ABSTRACT
This paper presents a simple heuristic model for COVID 19 spreading. The model is based on a propagation unit of time. The state of the epidemic at the end of the time unit is then related to that at the start through recurrence relationships. By propagating these relationships over the required number of time units, a projection can be made over time. The model is readily implemented on a spreadsheet and is therefore potentially widely accessible. It can serve as a useful tool for scenario planning and forecasting not just for an entire population, but also for a specific community within a population.
1 Introduction
The COVID 19 pandemic has challenged a lot of our conventional notions derived from previous experience. Many questions regarding this pandemic remain unanswered to date and some of these relates to the manner in which the epidemic unfolds and the strategies of controlling the epidemic.

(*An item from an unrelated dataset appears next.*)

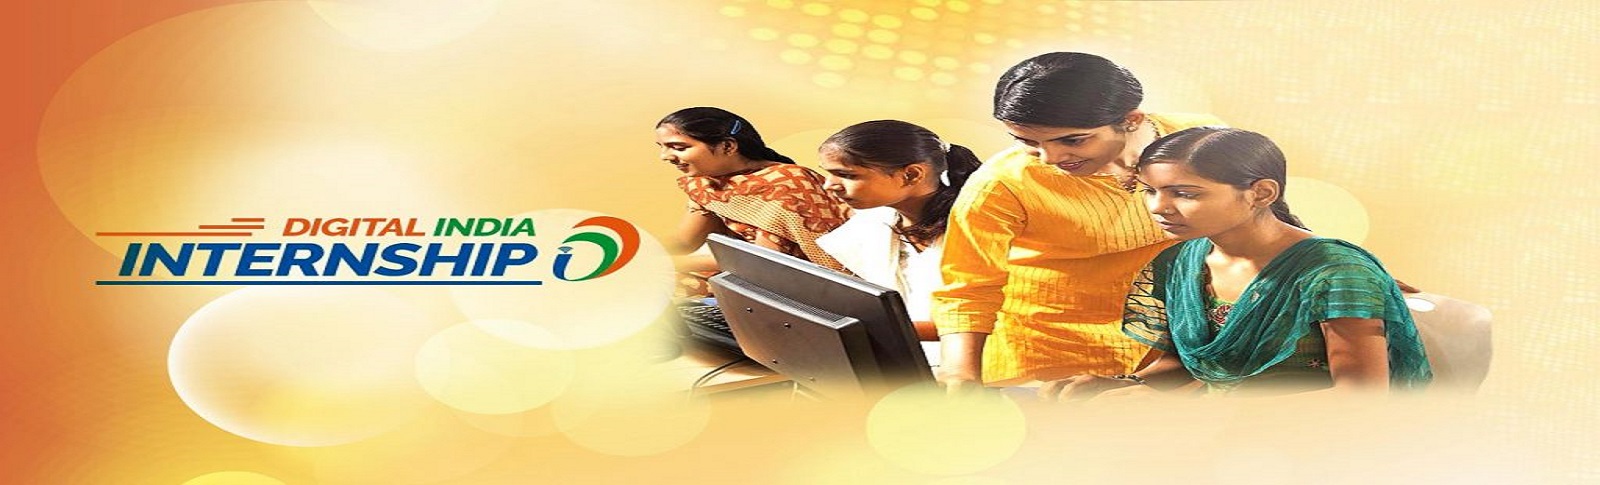 Digital India Intership Program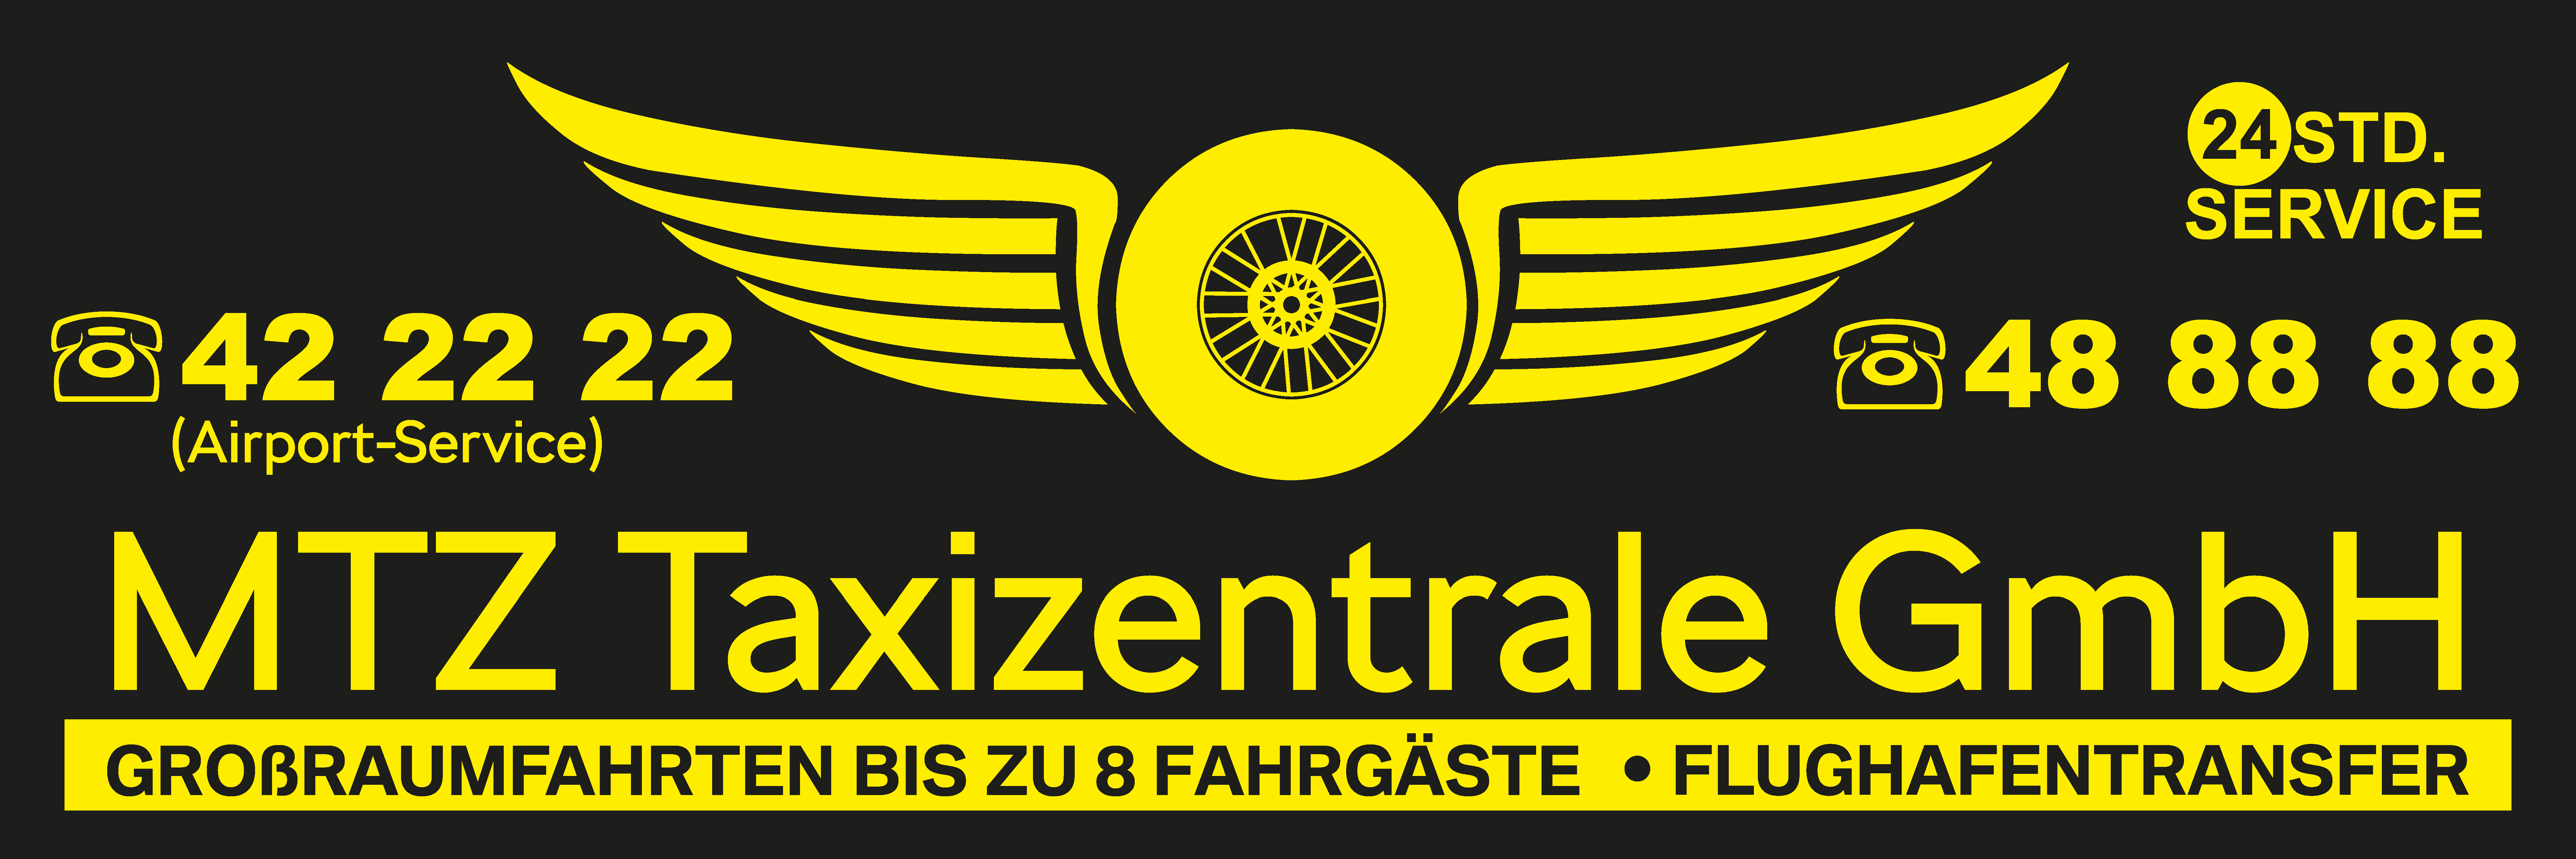 MTZ_Taxizentrale_300x100

Much of the work to date relates to characterising the virus, development of testing technology, cures and vaccines. Some models have also been advanced to simulate the spread of the disease. Fang et al. (2020) modelled the transmission dynamics of COVID 19 using a variation of Kermack and McKendrick’s (1927) SIR model. Yeghikyan (2020) also used Wesolowski et al.’s (2014) variation of the SIR model which took into account mobility patterns. Other forecasts have also been made by research organisations, using mainly data-driven softwares (e.g. IHME 2020; Adam 2020). Many of these are based on the SIR approach, but implemented in highly proprietary frameworks which are not readily accessible to third parties. Other approaches have also been used. For instance, Sanche et al. (2020) proposed that, if the basic reproduction number R0 is 6.7, then even “if as low as 20% of infected persons are asymptomatic and can transmit the virus, then even 95% quarantine efficacy will not be able to contain the virus”. However, Sanche et al.’s (2020) findings were based on the basic theory on the force of infection, rather than a full simulation and focused on the asymptomatic cases. Hence, it is a partial model. Furthermore, current understanding appear to suggest that infectivity is probably much higher amongst the symptomatic cases, especially within the first three days of symptoms onset, compared to the asymptomatic case (WHO 2020). Kermack and McKendrick’s (1927) original SIR model was expressed in closed-form mathematical relationships. Individual researchers are now much more empowered in terms of computing facilities than their predecessors in Kermack and McKendrick’s era. There is thus a case for the development of models which are readily implemented on personal computers, but at the same time, sufficiently reliable in their prediction.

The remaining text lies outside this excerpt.